Radicalisation at universities

Hamid Hussain

Hamid Hussain

The National Action Plan (NAP) against terrorism has a 20 point agenda; none among them talks about the radicalization in public or private sector universities or colleges.

The killing of a college principal on January 22 by one of his students in Charsadda over perceived blasphemy is yet another grim reminder that how distorted interpretation of religion is vigorously being injected into both politics and society; extremism and militancy are permeating inside universities and colleges quickly that will become Pakistan’s next major counterterrorism challenge. This mob justice mentality will continue to take lives unless the state institutions and the whole society make soul searching and take some serious measures to stem the rising tide of intolerance and exploitation of religion.

The National Action Plan (NAP) against terrorism has a 20 point agenda; none among them talks about the radicalization in public or private sector universities or colleges.  On February 26, 2014, Pakistan unveiled its first ever National Internal Security Policy (NISP) – a 94-page document. The policy had 30 references to Madrassas (religious seminaries), but not a single reference to universities. The National Counter Terrorism Authority (NACTA) was established under the NISP. The page 85-93 of the NACTA document says the body should have a human resource of 314 personnel, and a directorate of research and coordination to oversee a total of eight departments from national narrative to reintegration.  The directorate has a department for “Mosque and Madrassa,” but none for universities. The state institutions seem totally oblivious or lenient towards the mushroom growth of madressahs and mosques where curriculum and literature based on hate sectarian bent of mind with narrow worldview is taught.
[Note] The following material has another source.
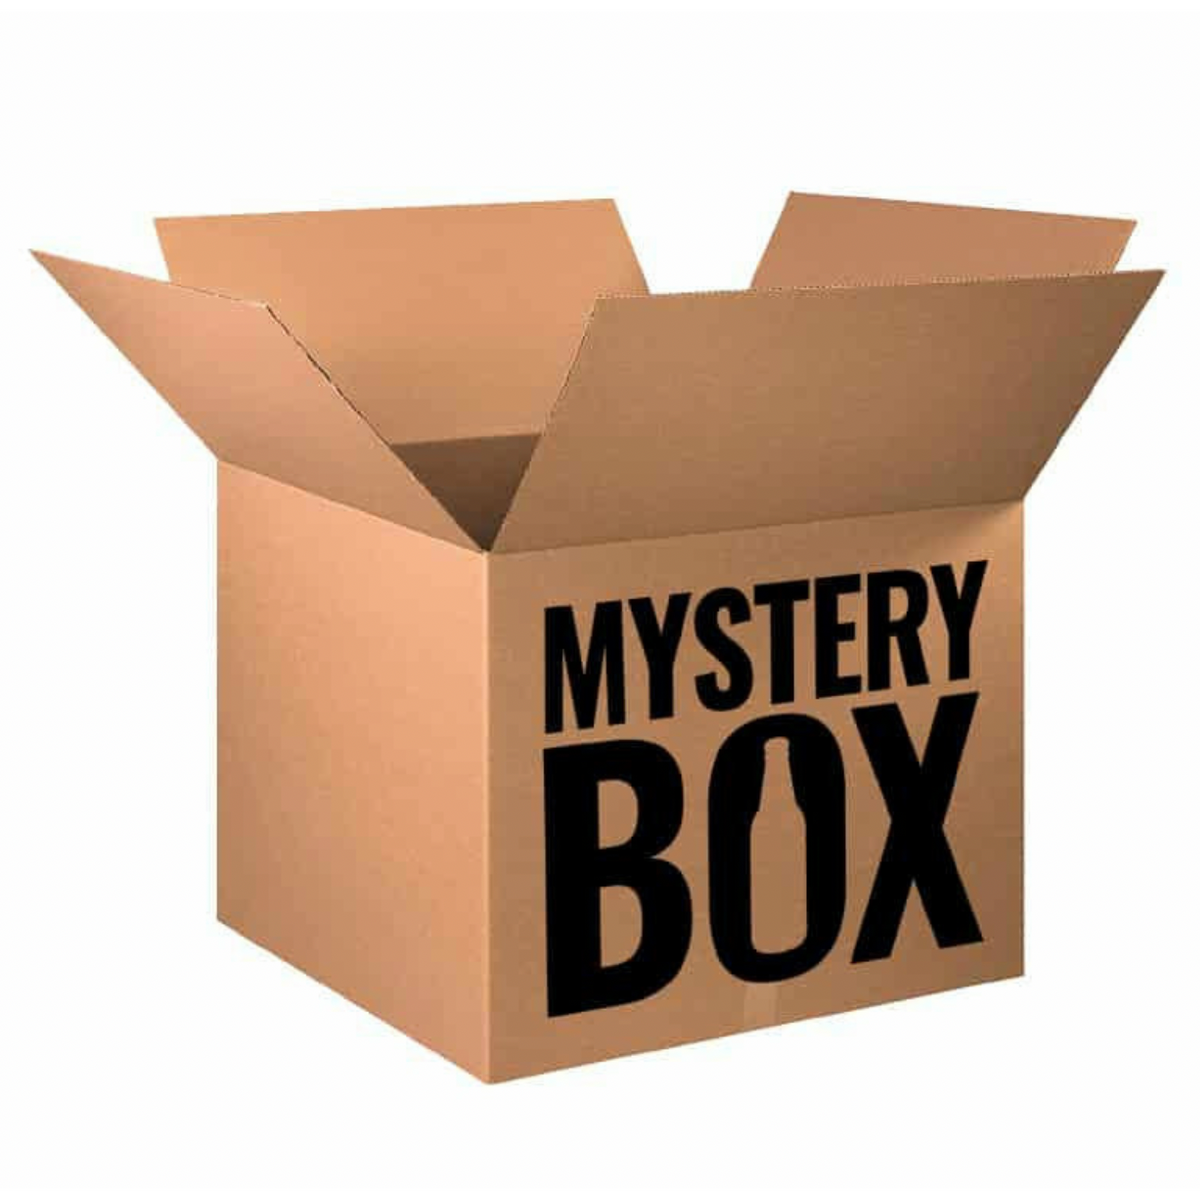 Mystery Box Mystery Box 250.00, mysterious box

Even the government at federal and provincial levels has failed to bring the seminaries being run under eight Wafaqul Madaris (federations of seminaries) under the ambit of a single regulatory authority of education, check their sources of funding.

NACTA and the Ministry of Interior held consultations with stakeholders from January 16 to 18 to deliberate upon a roadmap for framing security plan for next five years (2018-2023). This is an opportunity to focus on the violence and militancy at universities which was neglected in the last NISP. The state needs to build a strong defence against mob psyche and this must be part of counterterrorism strategy under the new security plan. The state cannot and must not remain silent or promote a specific narrative wherein common people are urged to challenge the writ of the state.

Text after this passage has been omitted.